Her recovery was a six-year process. She spent two years continuing to use substances off and on, three years with an opioid substitute, and she will be one year off of the substitute in August.
I share her story of recovery to show that despite the extreme lows she faced, recovery is possible. See the previous article for more perspective on the depth of pain she encountered while trapped in addiction.
If you know someone struggling to recover from an addiction, I hope this article will help you better understand what they are going through and how to be supportive.
If you are struggling with an addiction, I hope this article helps you feel like you are not alone and recovery is possible.
Here is Stephanie’s story of addiction and recovery, in her own words.
Recovery Starts Before You Stop Using
You don’t just wake up and stop using.
Recovery starts before you actually get clean. It was the biggest mind war I ever went through. You know what your doing is hurting you but can’t stop. It’s like watching a bad movie you are the star of.
I was getting tired of chasing money and pills just to feel normal.
I started thinking about recovery when I had gotten an abscess and had to carry around a machine for five days. The whole time I was lying and telling everyone it was a spider bite.
You want to be clean but you’re not sure how or what that looks like. It takes planning and finding the right supports while still using.
I woke up for months saying, “today I will not use,” and be using by noon.
Recovery requires taking a leap of faith and reaching out for support, but not expecting perfection the first time. I would often miss counseling appointments because the dopeman showed up first. I then had the excuse that I couldn’t go to the appointment high because they would know I was using.
A Turning Point
Despite my using, I still cared about my kids and didn’t want my using to be the thing that took me away from them.
My oldest told me his biggest fear was Childen’s Aid Society coming in and taking them away. That hurt. He told me this while we were playing a board game called Nightmare where you have to share your biggest fear. I had to hold it together for the rest of the game.
It didn’t make me quit, but it made me work harder to hide my addiction.
What really pushed me over the edge was a story I saw on Facebook about a mother who overdosed in her home alone with her baby and the baby died of starvation.

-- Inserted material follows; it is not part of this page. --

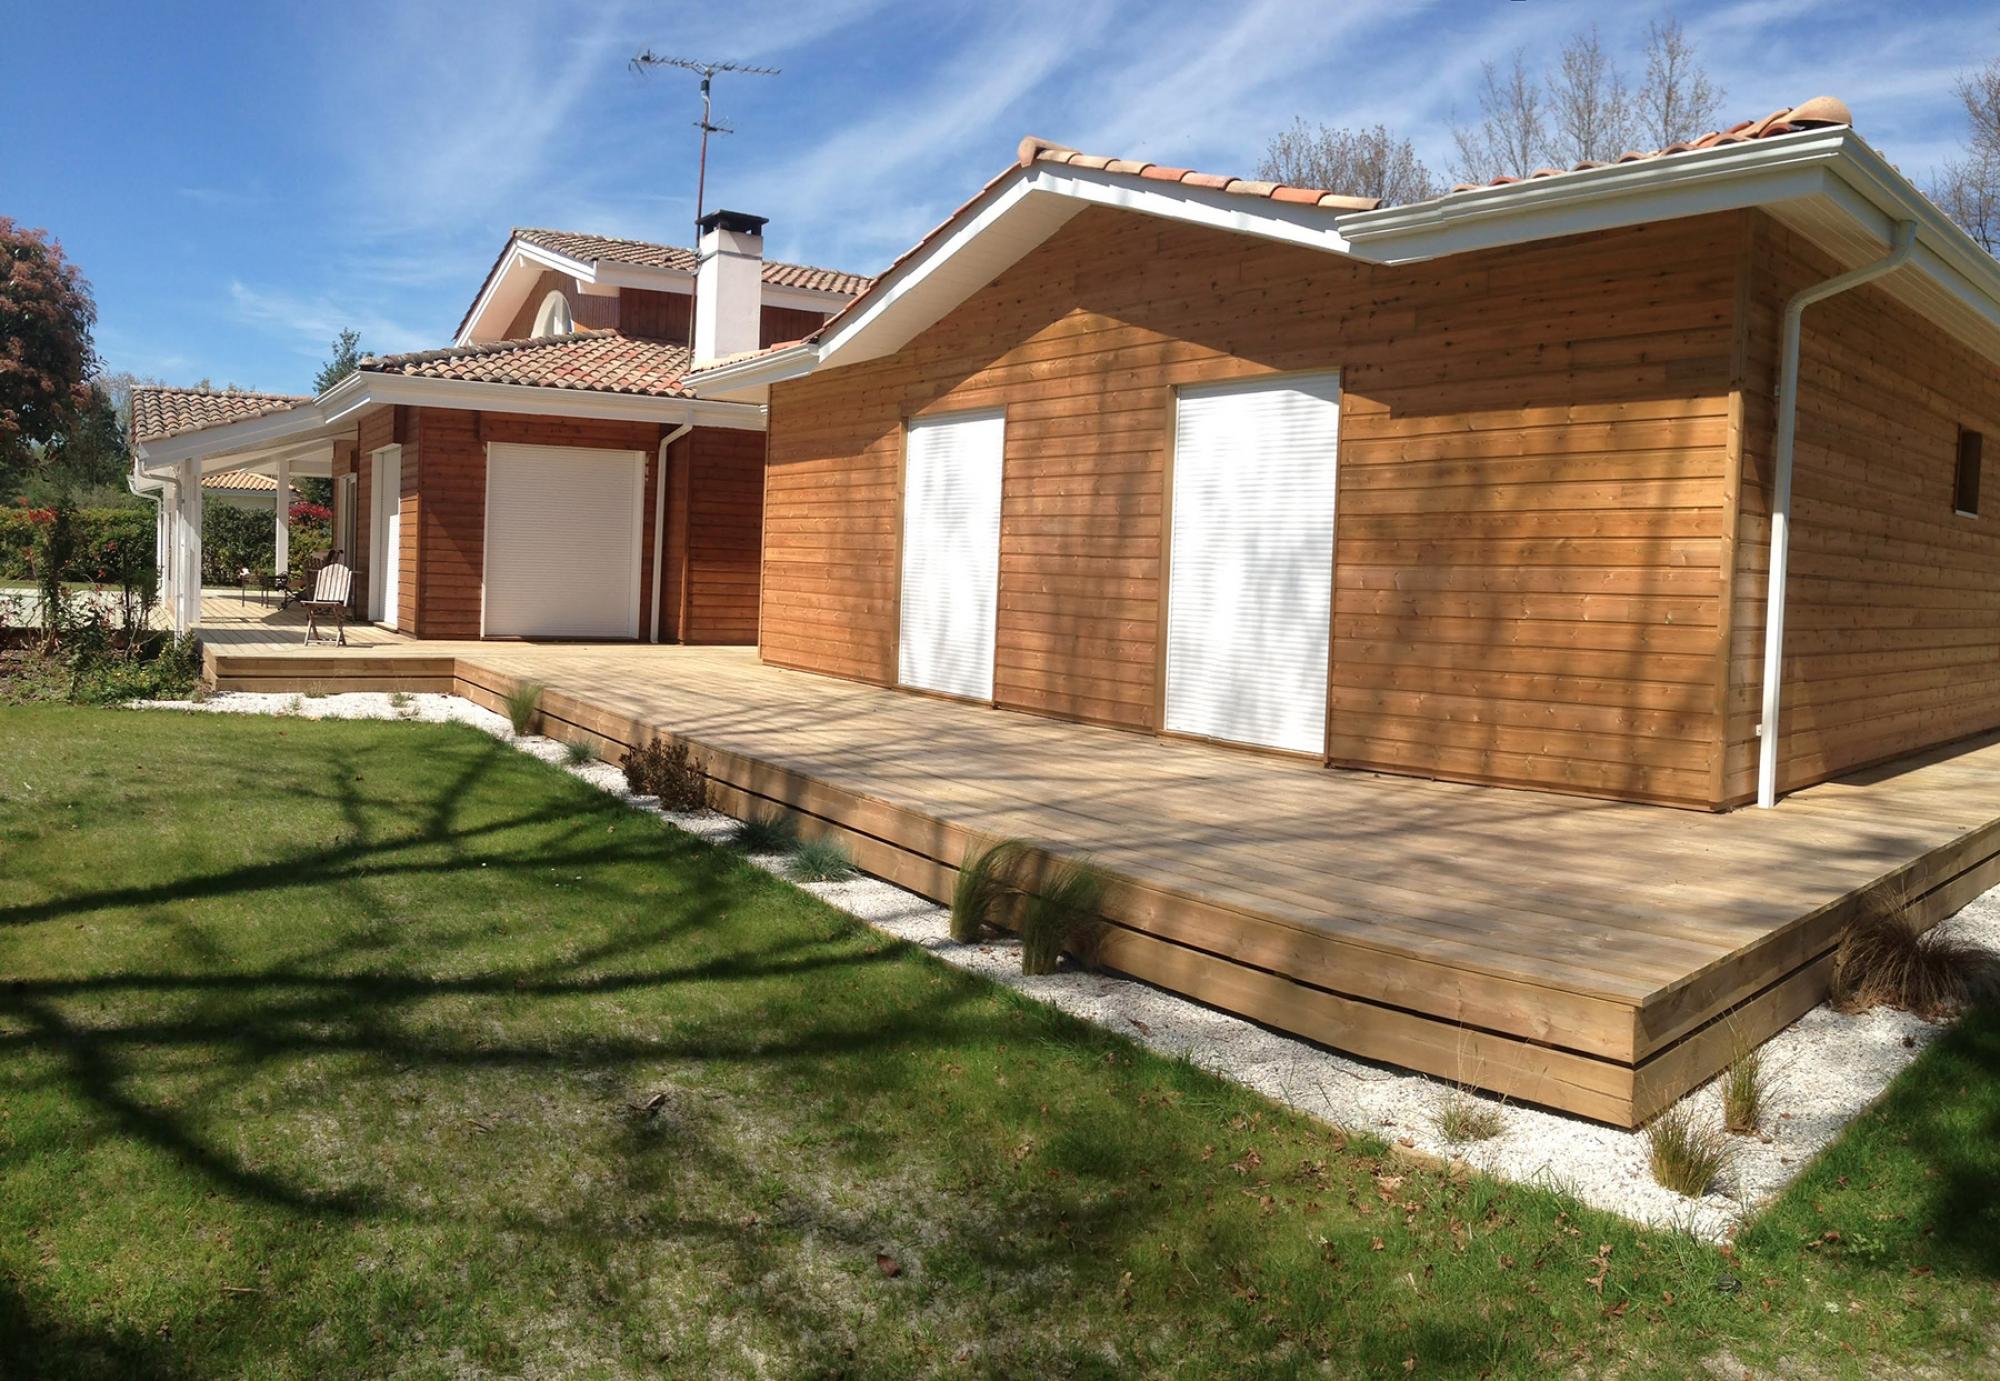 Faire construire une maison d 39 architecte haut de gamme bordeaux agn s malka barokel - Faire construire une maison d architecte ...

I had a toddler at the time, and all I could picture was him trying to wake me up and me not responding. I went to Dr. Farago the next day.

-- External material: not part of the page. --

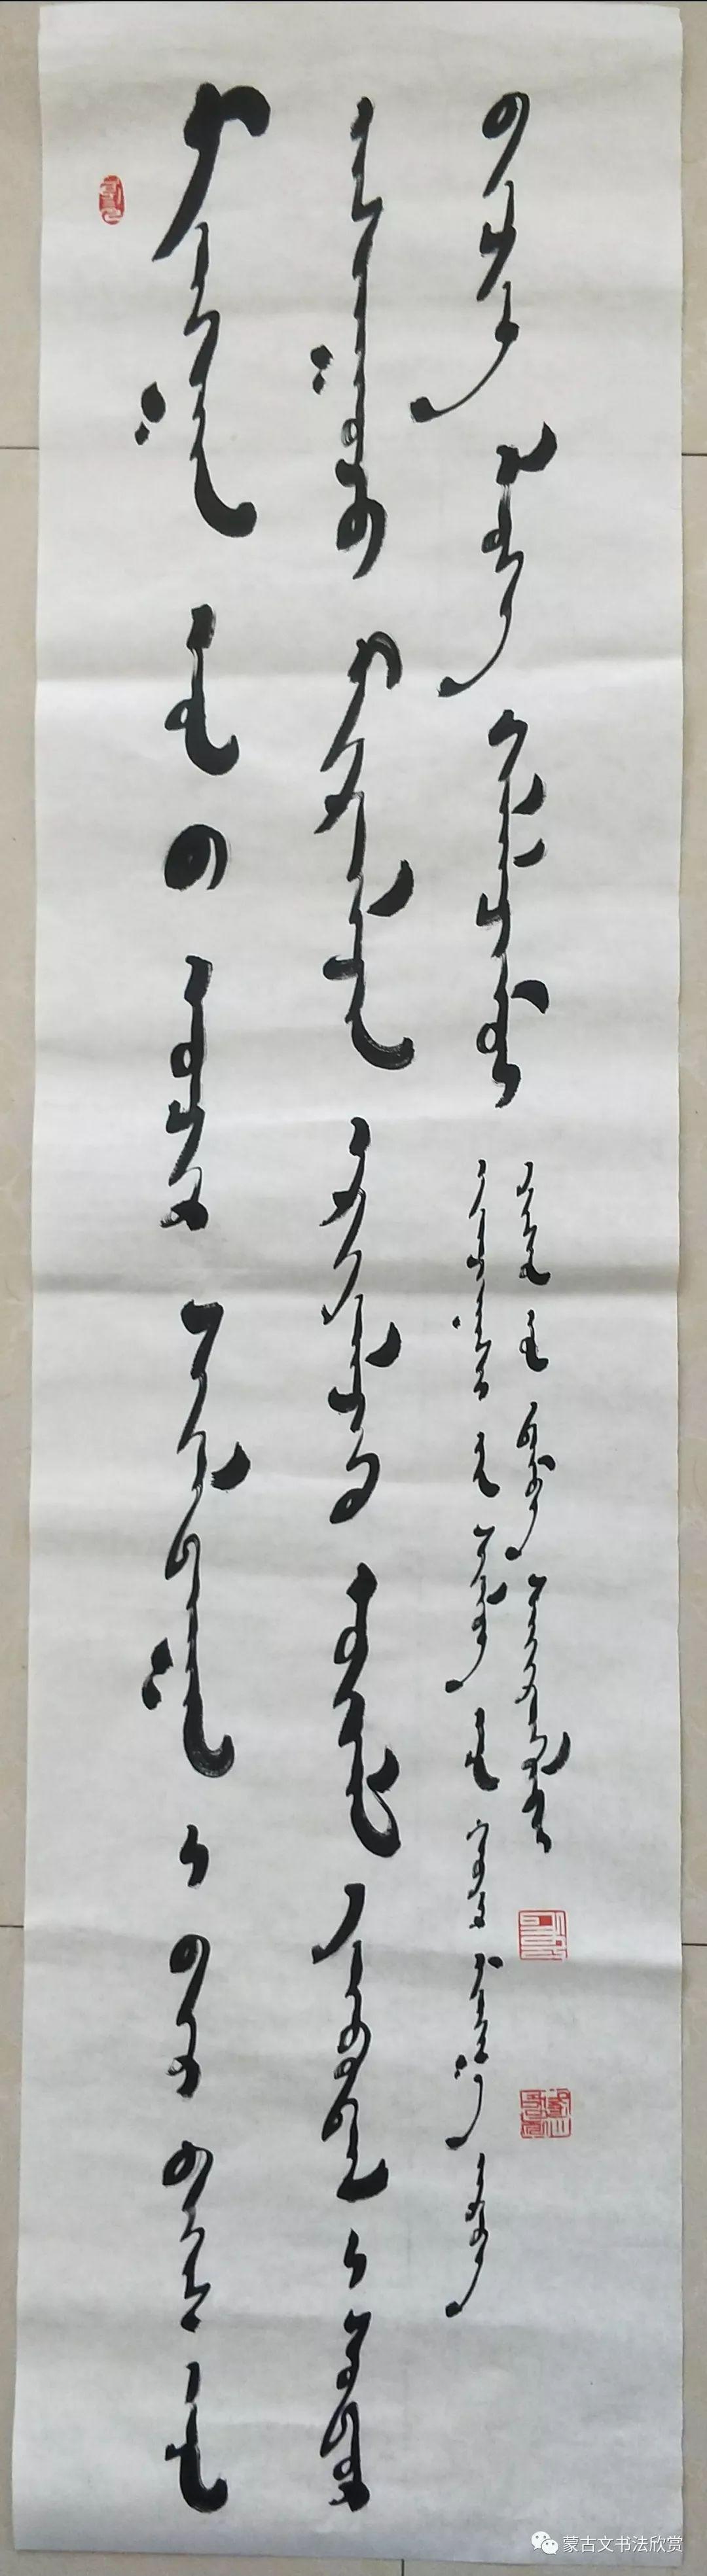 蒙古文书法欣赏——丹巴 第4张 蒙古文书法欣赏——丹巴 蒙古书法

Recovery took a very intricate plan involving lots of pieces.
Having to Sever Destructive Social Ties
I had to cut my ex out in order for my recovery to work.
While I was living with my ex, he was in active addiction as well, so there was no chance I could stop with him there. He was my biggest trigger and would regularly bring drugs home. Three weeks after I got on suboxone, I had to use his addiction against him with the help of Childen’s Aid Society.

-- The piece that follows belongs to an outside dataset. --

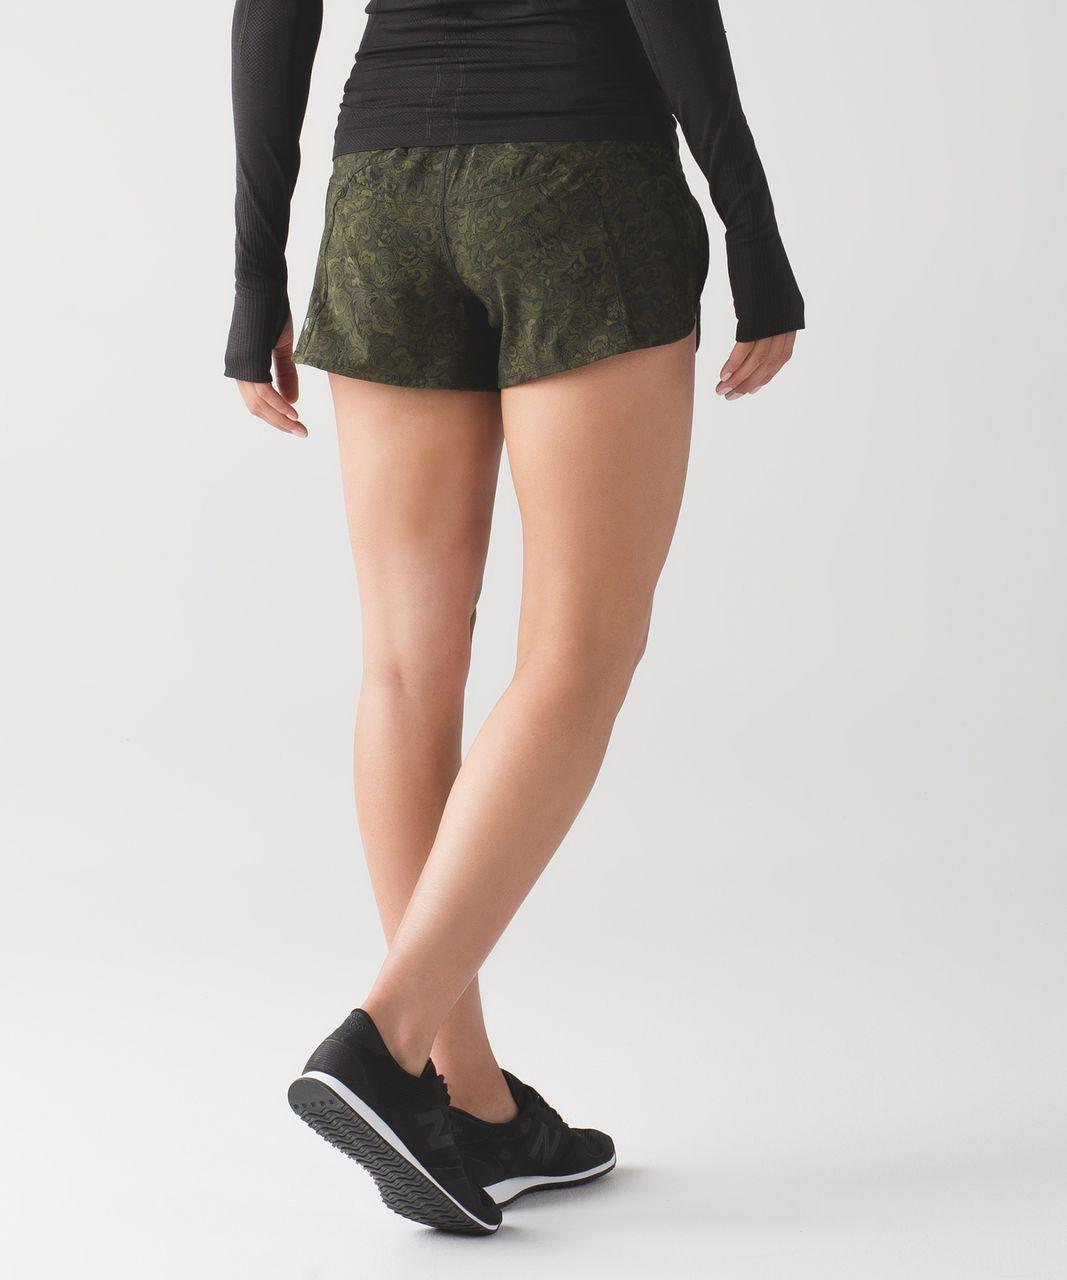 Lululemon Tracker Short IV - Mini Pencil Lace Brave Olive Black / Black

He then went on a meth bender, and I had grounds to put a protection order on him. That forced him to move out. Mind you, he is still homeless and using, so it took me a year and a half to get over the guilt. I still feel it sometimes.
He was broken, and I loved him. I felt like I was putting a baby out in the street in the cold and rain. I knew I was the only thing holding him together and that losing me would make it worse. But I also told him that if it came down to it and I had to choose between him or the kids, they would win.
I dropped a lot of friends that still used. My best friend used cocaine, and I had to distance from her, too.
No one ever wants to be alone, but the first bit of recovery is just that. It about tearing down the social network and rebuilding it with people that aren’t involved in that life
Adjusting to Social Life Outside Addiction
In addiction, your friends are the people you buy from and use with. You feel isolated from the normies. In recovery, you are trying to enter the normie world and be a part of that, but it is tough because you been in the underbelly for so long.
I couldn’t hold eye contact or a normal combo with someone when I first got into recovery. I felt awkward all the time, so I just muddled through it.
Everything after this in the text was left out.